-- What is expected --
Your output should be the lines below from the one holding "鹿児島県中学校新人バスケットボール大会 | スポーツかごんまニュース" through the one holding "Russ Boy Navy T-shirt", transcribed exactly, with no pictures.

-- Provided information --
[Start of section]

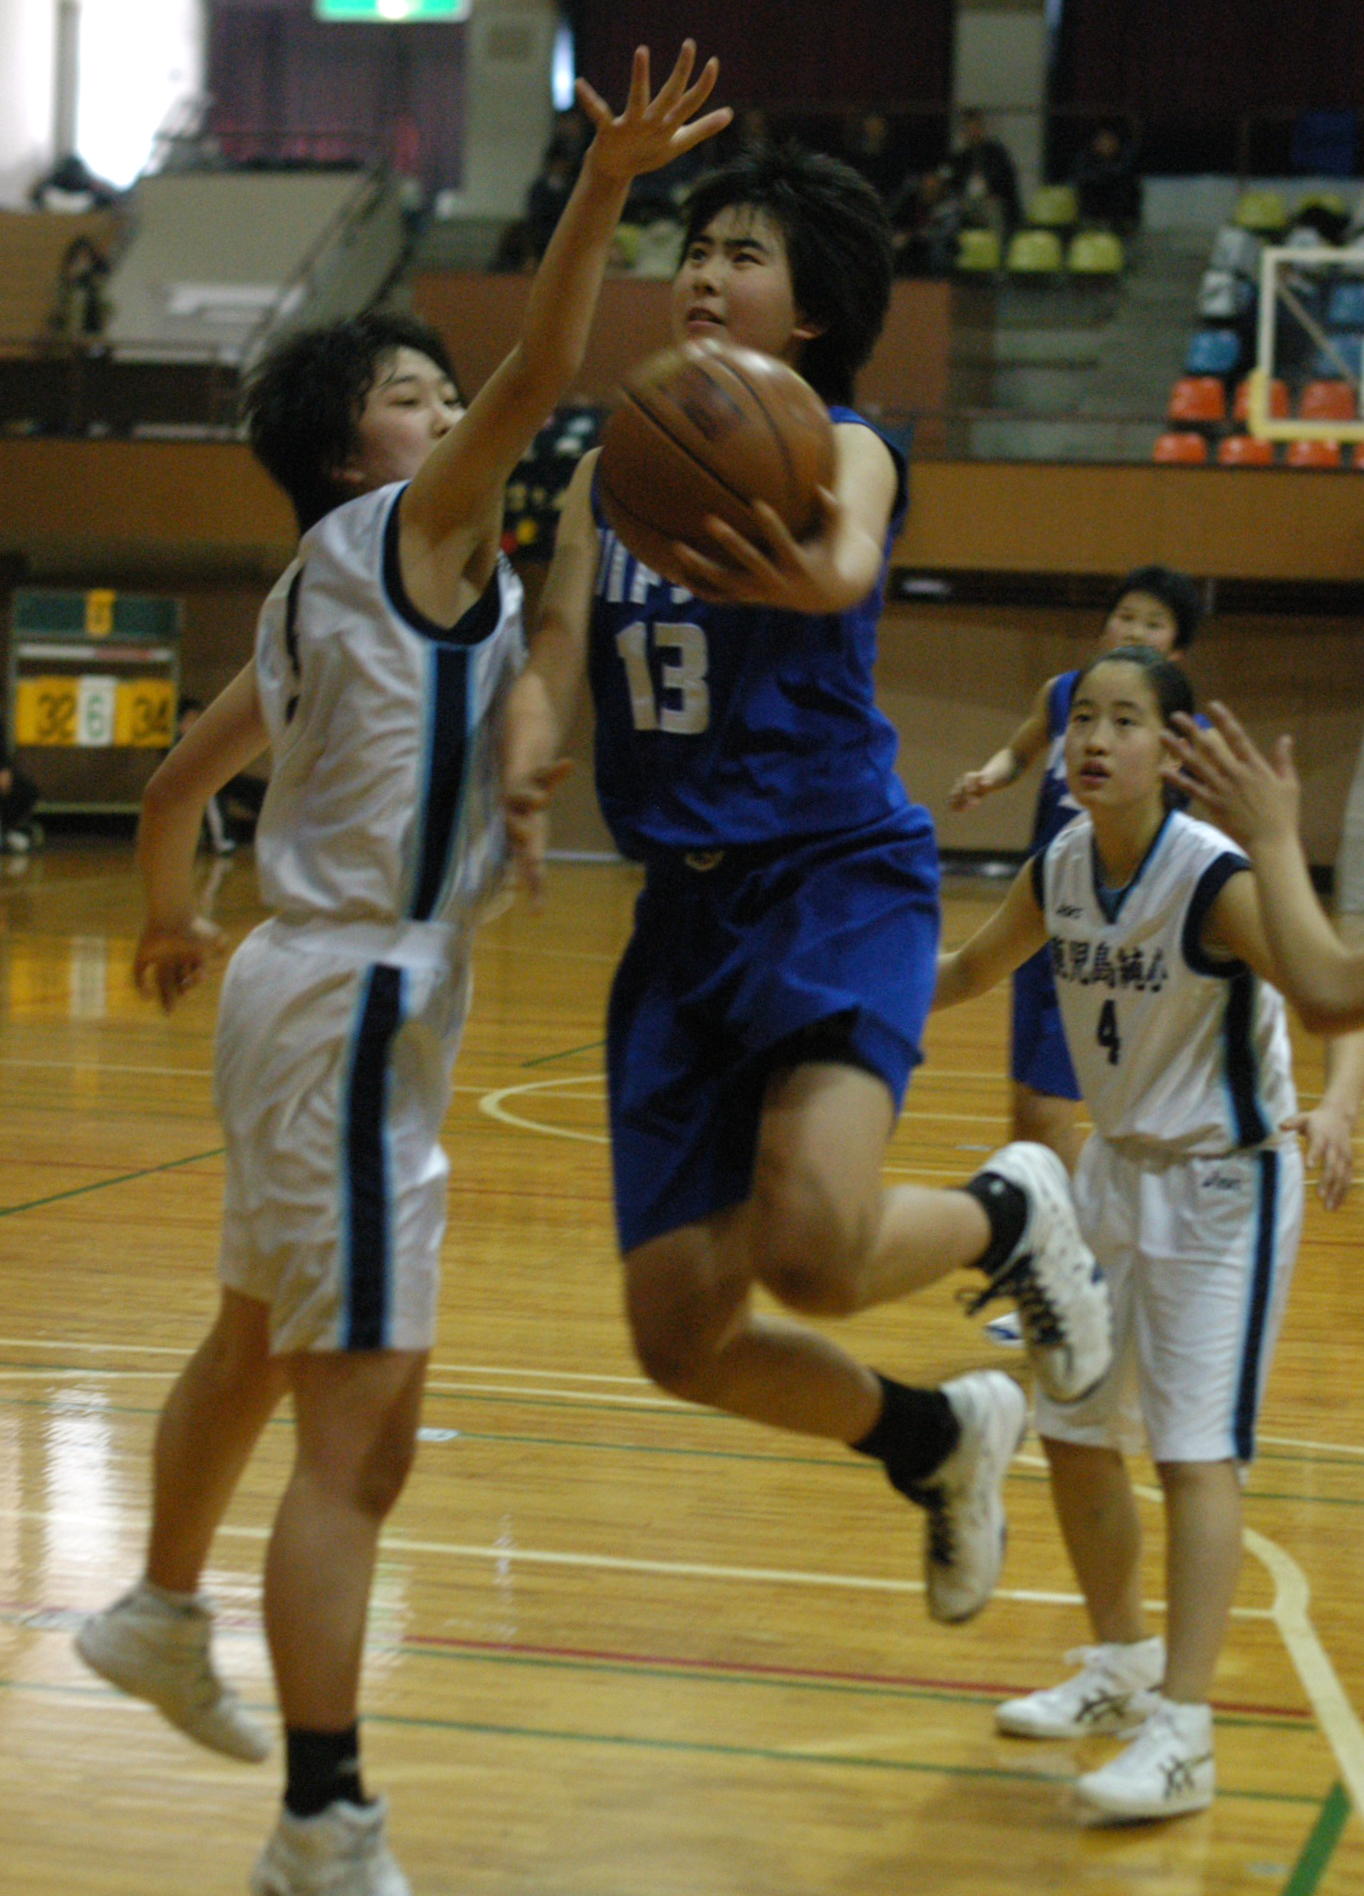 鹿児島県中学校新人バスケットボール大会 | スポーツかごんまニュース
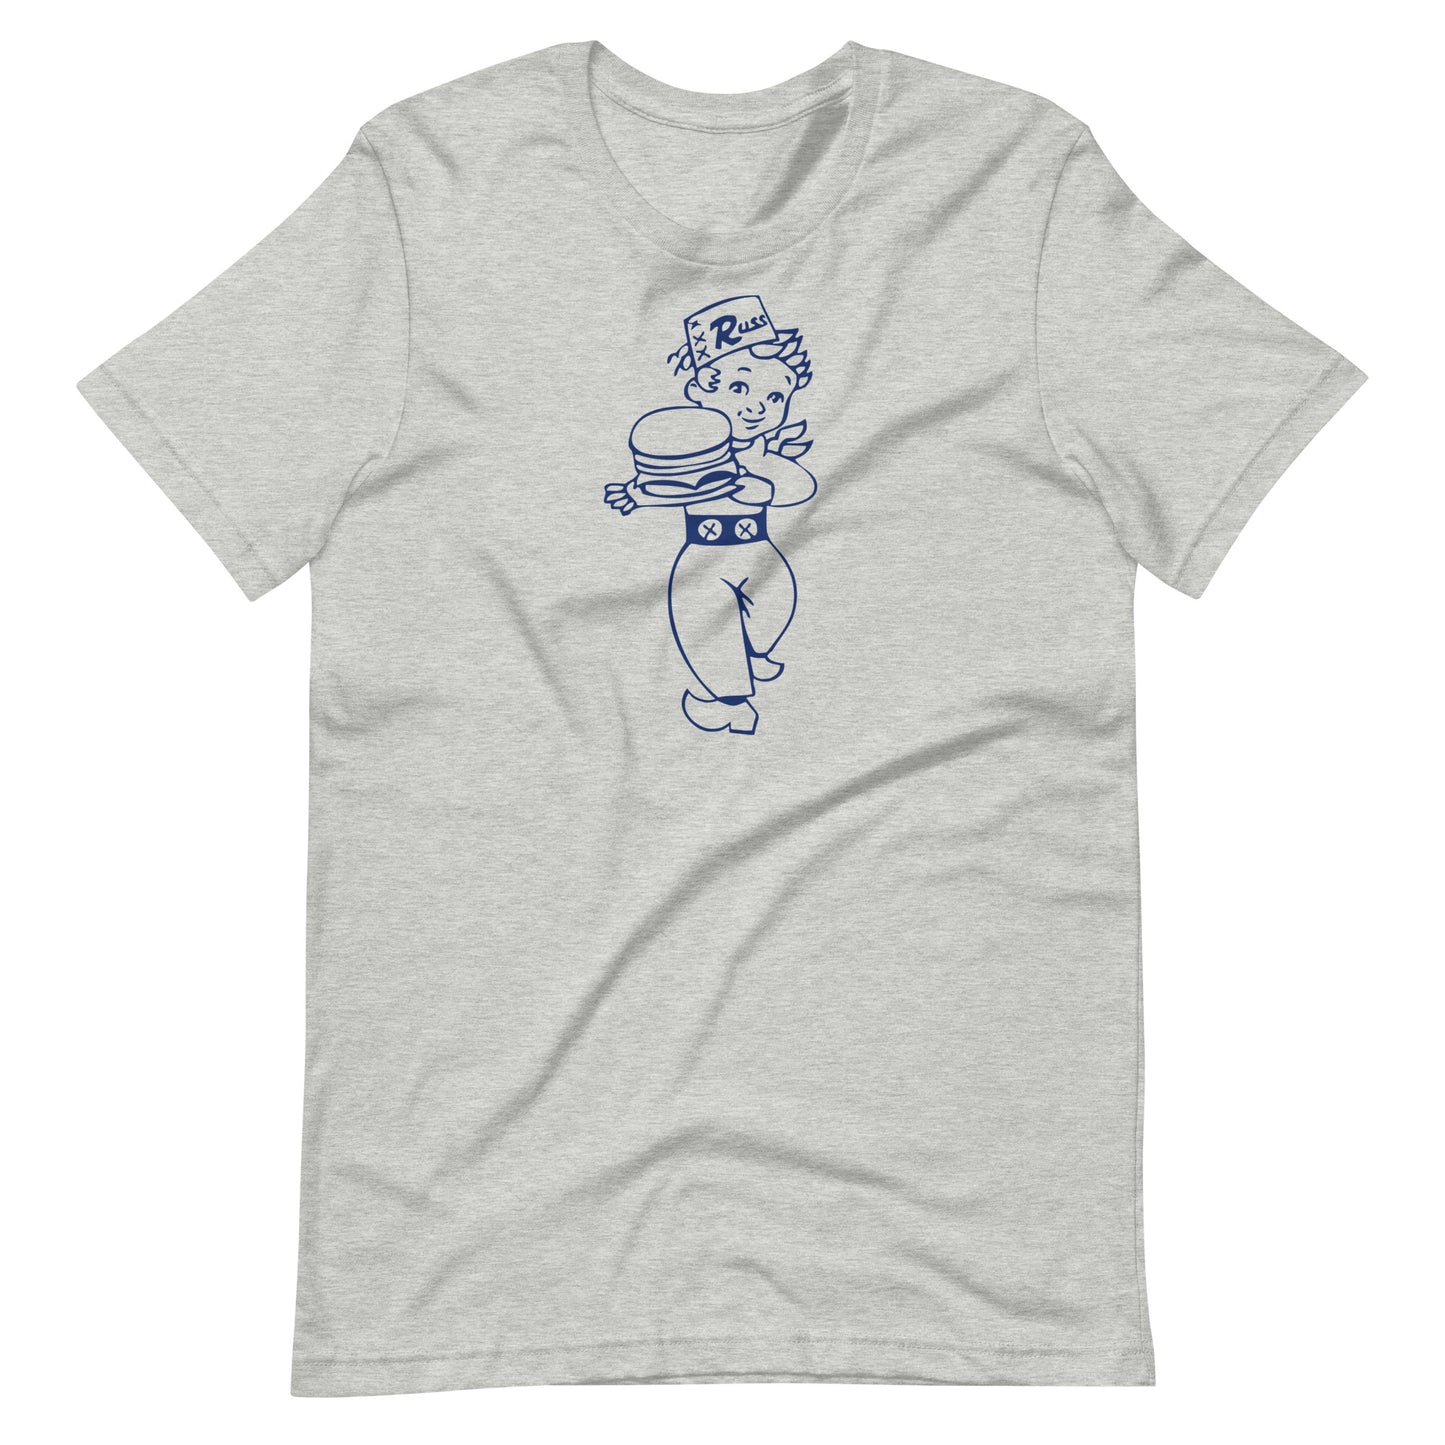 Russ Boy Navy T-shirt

[End of section]
[Start of section]

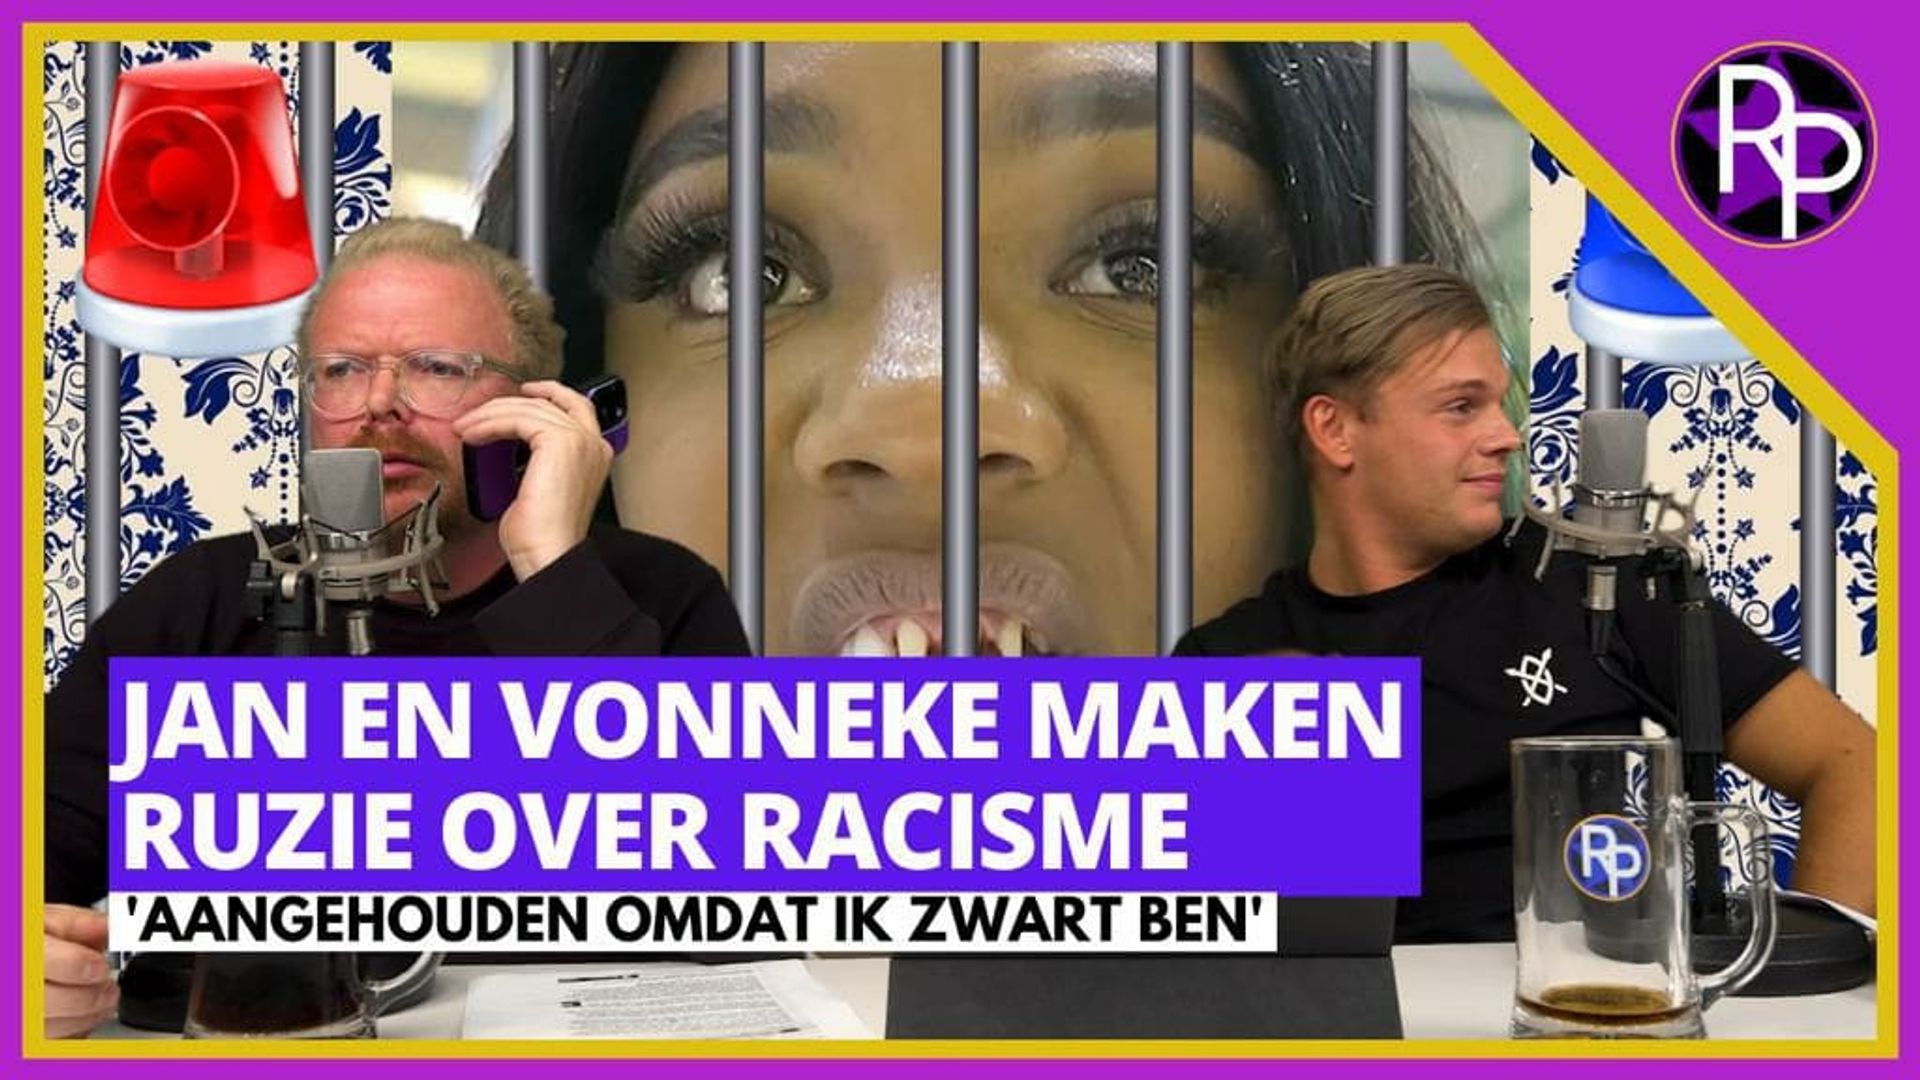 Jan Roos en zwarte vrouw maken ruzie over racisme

[End of section]

-- Solution --
 鹿児島県中学校新人バスケットボール大会 | スポーツかごんまニュース
 Russ Boy Navy T-shirt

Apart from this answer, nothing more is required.